Monsieur le président,
Depuis le 16 mars dernier, nous sommes en guerre contre le coronavirus. Les seules armes dont nous disposions à cet instant tenaient d’une seule stratégie, la stratégie du manque : l’application des gestes barrière, la distanciation sociale et son corollaire principal, le confinement, y compris pour les fonctionnaires. Depuis cette date, après quelques jours de flottements, le nombre d’agents de nos directions en présentiel a fortement diminué. Dans le même temps, le télétravail a été très largement étendu. Il est devenu le quotidien des personnels déjà sous convention avant le début de la crise. Plusieurs d’entre nous se sont vus proposer ce mode de travail, pour exercer depuis chez eux, soit des missions prioritaires, soit des missions non-prioritaires. Nous autres, représentants du personnel avons, en responsabilité, fait d’énormes concessions en la matière, afin de garantir la sécurité sanitaire des agents.
Une autre partie des personnels a été confinée chez elle, en position d’autorisation d’absence, sans activité, faute de dotations en matériel informatique suffisante ou en raison d’une baisse importante d’activité.
Une dernière enfin, a dû gérer les enfants privés de crèches, d’écoles, s’isoler à cause de problèmes de santé, renoncer au présentiel parce que touchée par le virus. Tous ces agents ont été et sont encore les soldats de la lutte contre le virus.

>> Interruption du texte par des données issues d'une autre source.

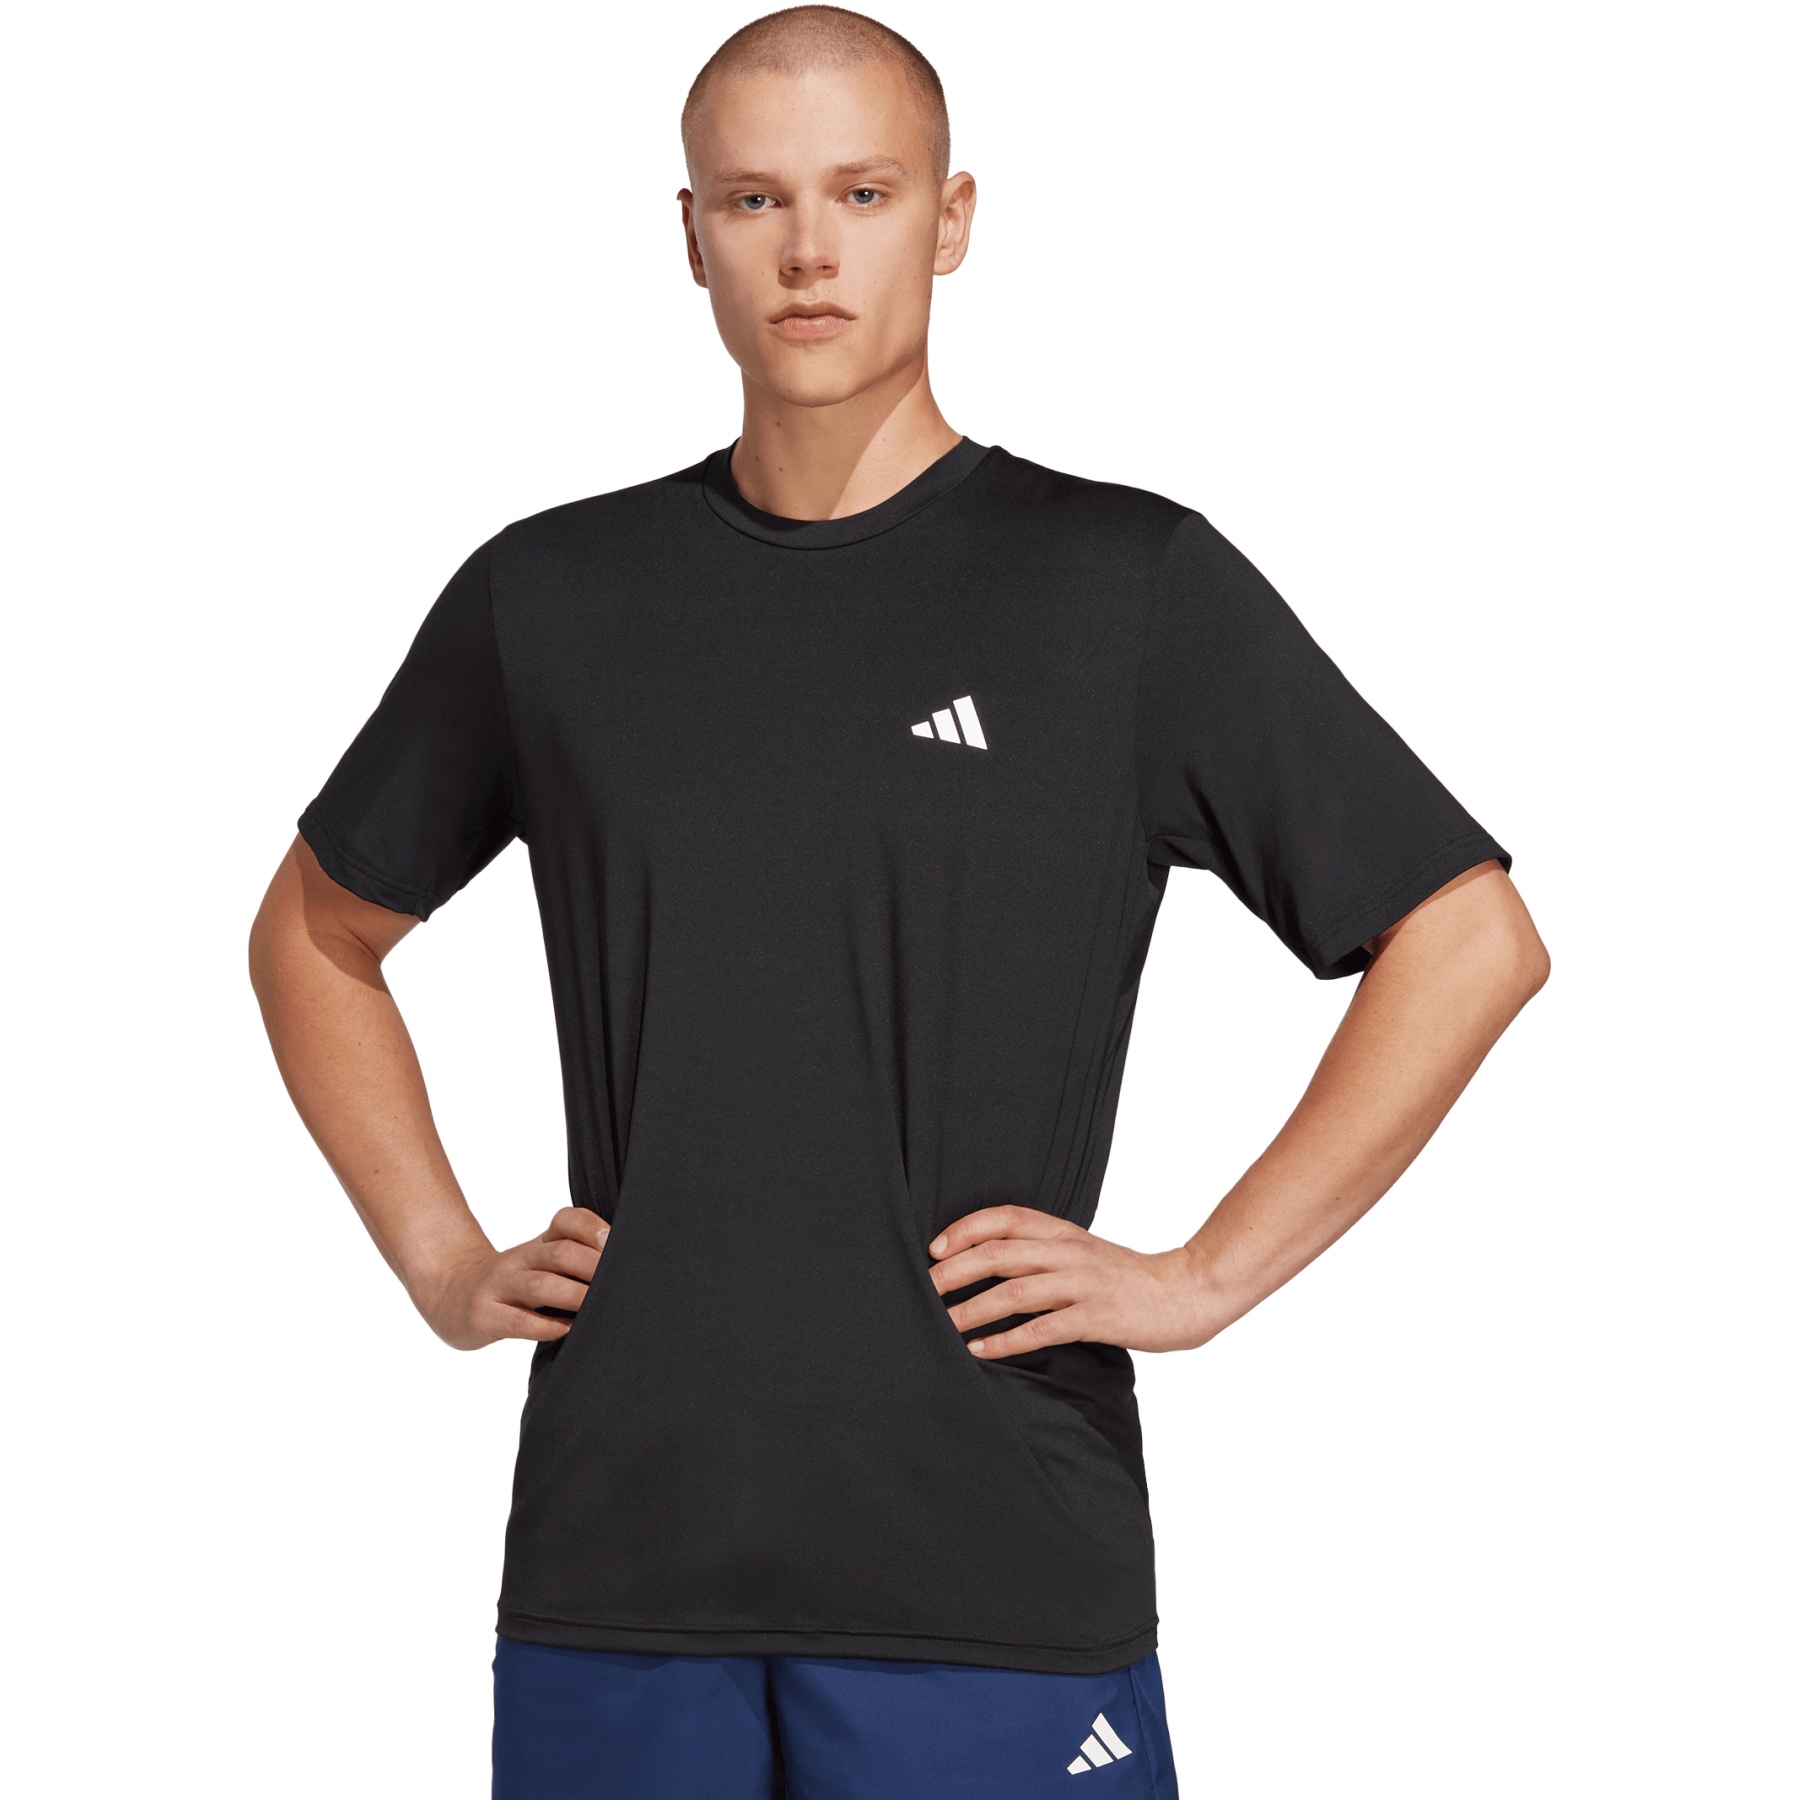 Produktbild von adidas Train Essentials Stretch Training T-Shirt Herren - schwarz/weiß IC7413

Au même titre que les agents amenés à être présents (es) dans les services, pour assurer la continuité du service public et la « vie de la nation », ils ont suivi les consignes gouvernementales, répondu aux exigences de devoir civique au regard de la collectivité, fait preuve de sens de l’intérêt général et servi leur pays et leurs concitoyens en évitant de contaminer ou d’être contaminés et de surcharger les services d’urgence et leurs personnels. Elles et ils ont ainsi fait preuve de responsabilité et d’engagement.

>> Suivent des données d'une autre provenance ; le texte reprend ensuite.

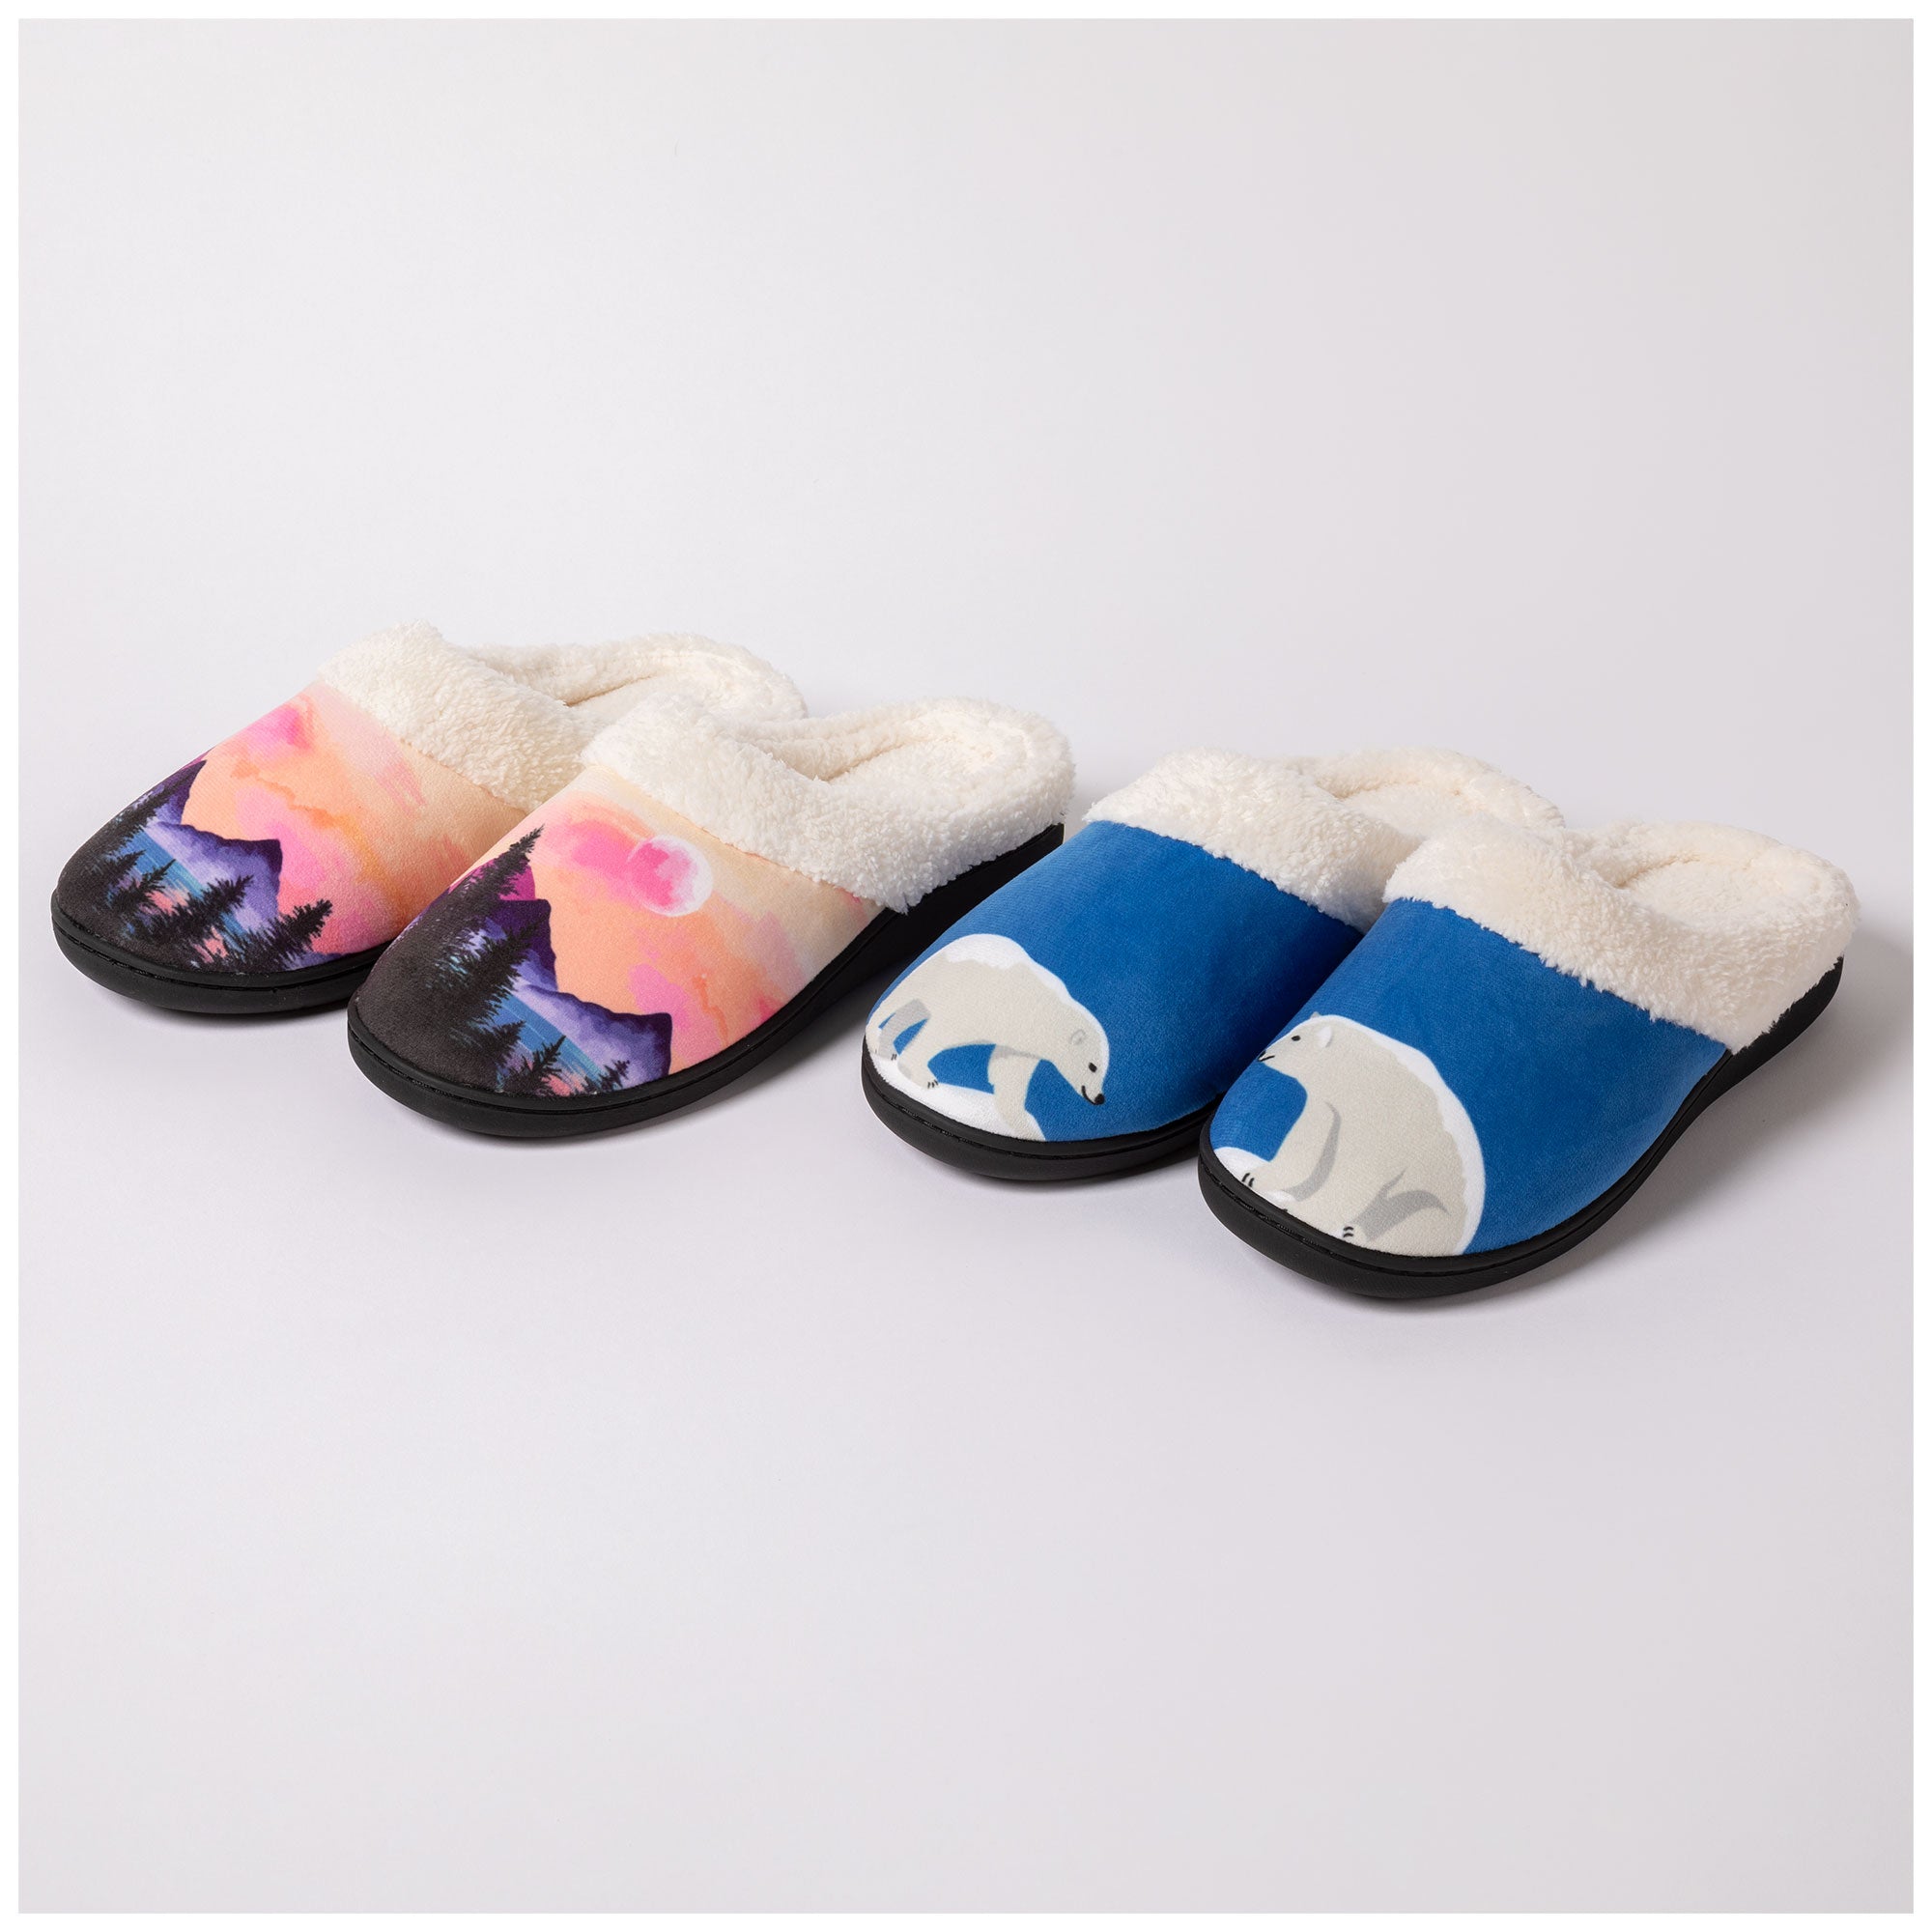 Dream Slide Slippers - Polar Bear - M

Pourtant, ces conditions de vies quotidiennes, domestiques et professionnelles ne sont pas forcément des plus enviables ni pour eux, ni pour vous, ni pour nous.
A ce sens de l’intérêt général dont ils ont fait preuve pour éviter une hécatombe, le gouvernement les remercie en leur retirant de 5 à 10 jours selon les cas, à l’initiative des chefs de service, pour compenser la baisse ou l'interruption d’activité due au Covid-19. Il a donc décidé de tenir pour responsables et redevables les agents de la crise sanitaire. Pire, il introduit une division entre les agents qui laisse penser qu’il y aurait d'un côté les « vertueux et vertueuses » et de l'autre les « profiteurs et profiteuses » quand d'autres à l'autre bout de l'échelle sociale sont tout juste invités à éviter de se verser sans vergogne des dividendes colossaux.
Le message est clair, inciter les agents (es) à reprendre le chemin de leur travail, alors même que les conditions sanitaires sur le lieu de ce travail ne sont pas garanties et que nous n’avons pas l’assurance que tous les moyens seront mis en place pour les protéger.
Nous vous laissons imaginer les conséquences dans les services dès la semaine prochaine, la dégradation des relations entre les agents et leur hiérarchie et au sein des collectifs de travail.
Le gouvernement prend le risque de dégâts pour la santé mentale, physique et sociale de nous tous. « Nous allons tous êtres acteurs de ce dé-confinement. Il nous appartiendra à nous tous d’être responsables au moment du dé-confinement » a déclaré le Premier ministre le 19 avril. Ce ne sera pas qu’une responsabilité individuelle où chacune et chacun serait renvoyé à soi-même dans une inégalité de conditions, mais bel et bien une responsabilité collective.
Celle-ci devra être assumée et menée par celles et ceux qui dirigent et ont pour devoir de prévoir et de garantir l'intérêt général et le bien de toutes et tous.